Research project to examine the impact of business training and capital grants on existing and potential female enterprises.

Survey of over 600 current female enterprise owners and over 600 unemployed but potential self-employed females in 10 Divisional Secretariat divisions in 7 districts in Jan 2009. This consisted of a business training and capital grants intervention programme to randomly selected participants - including running an individual-level awareness of offer, coordinating with external business consulting firm in running ILO developed business training modules, payment of capital grants to selected participants.

Four follow-up surveys in Sep 2009, Jan 2010, Sep 2010, Jun 2011 were also carried out.

 

Research Publications

“Business Training and Female Enterprise Start-up, Growth and Dynamics: Experimental Evidence from Sri Lanka”

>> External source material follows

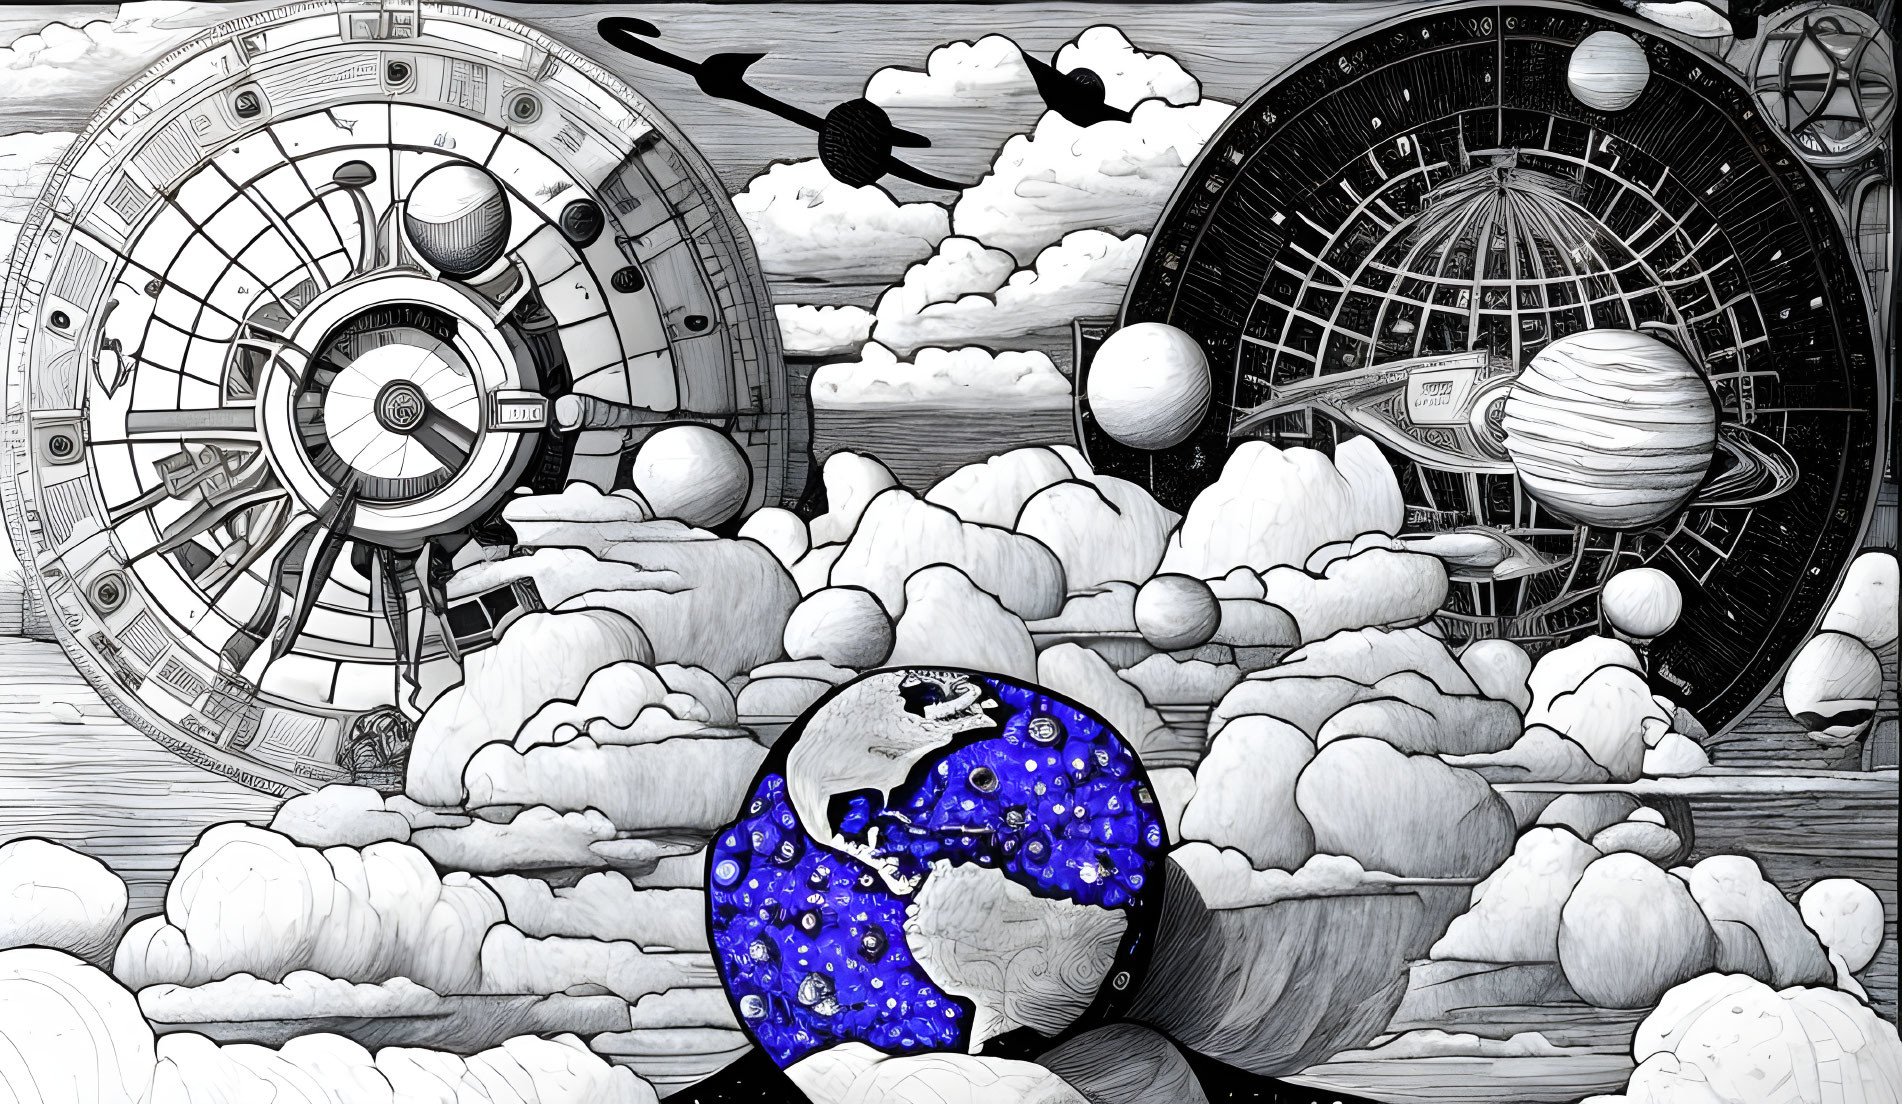 Monochrome celestial illustration with steampunk space theme

We conducted a randomized experiment among women in urban Sri Lanka to measure the impact of the most commonly used business training course in developing countries, the Start-and-Improve Your Business (SIYB) program. We studied two groups of women: a random sample operating subsistence enterprises and a random sample out of the labour force but interested in starting a business.

We tracked impacts of two treatments – training only and training plus a cash grant – over two years. For women in business, training changes business practices but has no impact on business profits, sales or capital stock. The grant plus training combination increases business profitability in the first eight months, but this impact dissipates in the second year. Among potential start-ups, business training hastens entry – without changing longer-term ownership rates – and increases profitability. We conclude that training may be more effective for new owners.

Published in Journal of Development Economics, Vol. 106, January 2014, pp. 199-210.